Phuntsok and Drolma’s photo album filled this information void – and did so in a way that Communist Party authorities clearly felt they could countenance.Phuntsok and Drolma’s photo album filled this information void – and did so in a way that Communist Party authorities clearly felt they could countenance. Unlike virality in the United States, which is driven by organic interest as well as the web-savvy maneuverings of powerful private companies with an eye to their bottom lines, online content in China must also pass through the meticulous filtering of state-directed censors. Chinese web users must first carefully weigh the risks of posting online, a fraught decision-making process which leads to widespread, if difficult to quantify, self-censorship. Chinese censors then get to work on what’s left; for example, they delete an estimated 13 percent of all content posted to Weibo, China’s huge Twitter-like microblogging platform. That number is far higher for content originating in Tibet, where more than half of all Weibo posts are removed. (Censorship is more difficult to track on the private message-based WeChat.)

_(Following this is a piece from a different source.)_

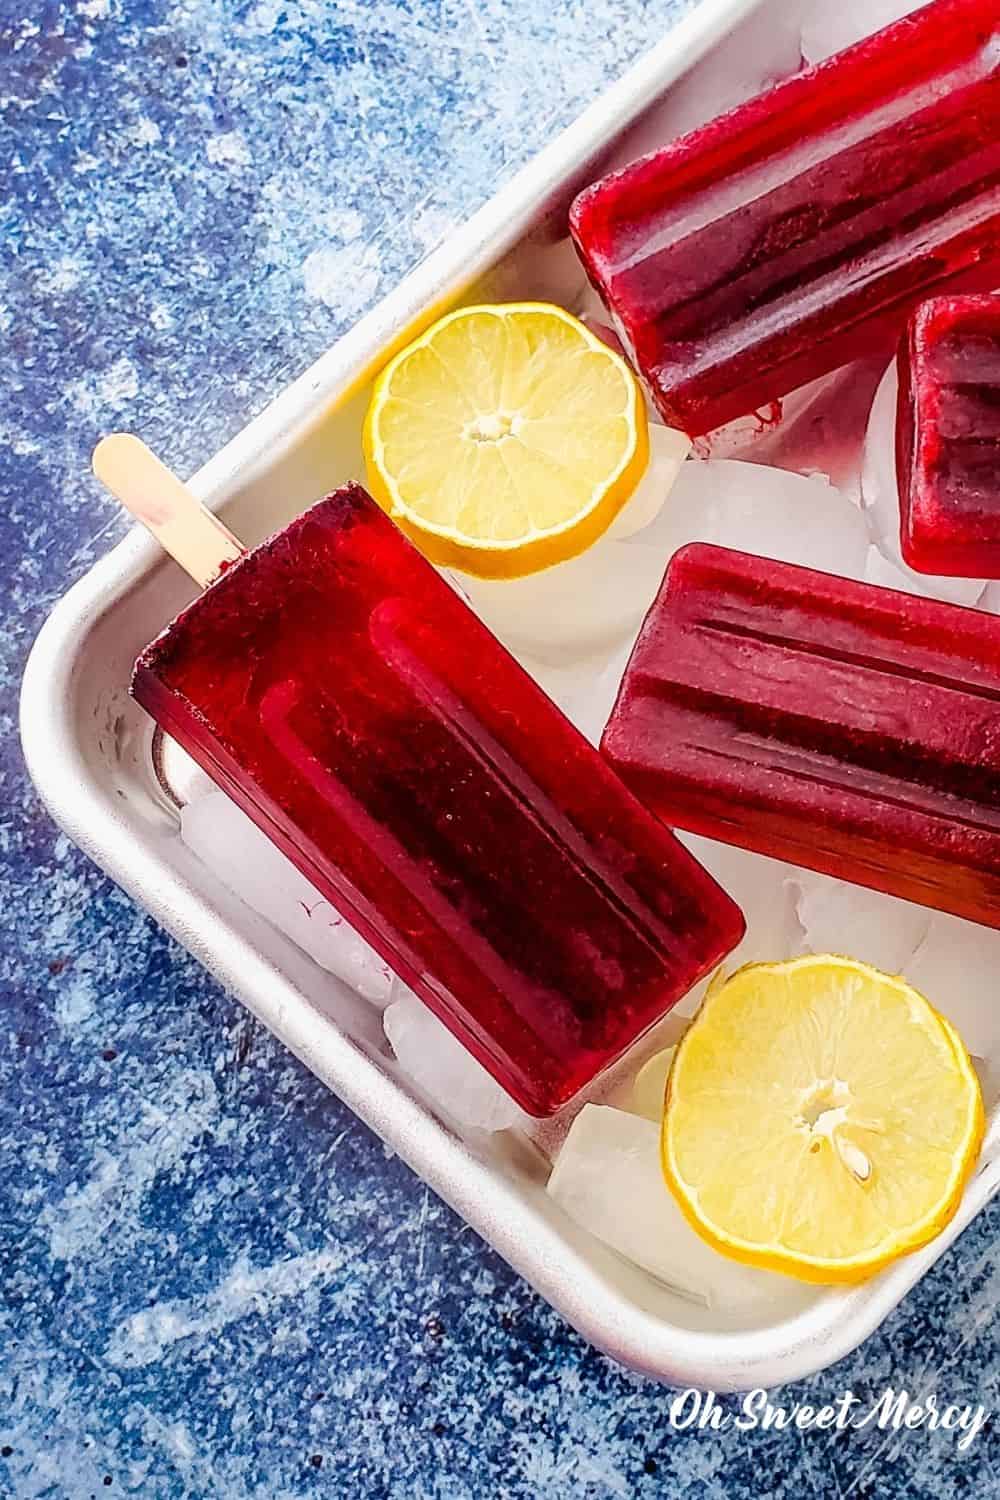 Refreshing, healthy, and gorgeously red (without artificial dyes) these simple Lemon Hibiscus Popsicles are sugar free and a fantastic THM FP treat. With zero fuel, enjoy these any time, with any THM fuel style. #sugarfree #hibiscus #popsicles #thm #fuelpull @ohsweetmercy

It’s clear that the photos present a narrative of young Tibetans in China — cosmopolitan, bilingual, effortlessly able to balance modern and traditional life with no hint of conflict — that Chinese authorities not only approve of, but are eager to promote. After two days of sharing within the closed networks of WeChat friend circles, the photos received the equivalent of Communist Party blessing when state news agency Xinhua ran an April 9 article about them. By the next day, other news outlets and WeChat public accounts began posting the images. By April 13, the photos enjoyed a nearly ubiqituous presence across the public Chinese web. An April 15 English-language Xinhua article pronounced the couple the “most blessed bride and groom in the entire country.”

But the official boost given to the wedding photos stands in stark contrast to the fate of other user-generated content about Tibet. On the same day the now-famous couple posted their photos online, in their home province of Sichuan a 47-year-old Tibetan nun died after self-immolating to protest Chinese rule. On April 18, less than two weeks later, a Tibetan monk also died after lighting himself on fire, becoming the 139th Tibetan to do so since 2008. Chinese news outlets did not report either incident; Weibo currently blocks searches for the Chinese term for “self-immolation,” citing “relevant laws and policies;” and posts mentioning the term have been censored. Photos of previous self-immolation victims are wiped from the web. Weibo posts such as this one from April 28, which criticizes China’s majority Han for “forcibly constraining the religious beliefs of Tibetans,” are deleted before they have a chance to be shared. Had this content not been suppressed, it’s possible that the national conversation about Tibet over the past two weeks, rather than centering around photogenic lovebirds, would instead have focused on why some Tibetans have become so desperate to have their message heard.

Behind the inviting images of this well-coiffed couple, in other words, lurks the influence of the Chinese state, one equipped to censor non-conforming content before it goes viral, and to burnish and spread the stories that it favors. Phuntsok and Drolma’s pictures are authentic — but they also happen to fit neatly into the Chinese government’s need to broadcast an appealing image of Tibetan-Han bicultural harmony, whatever the reality on the ground.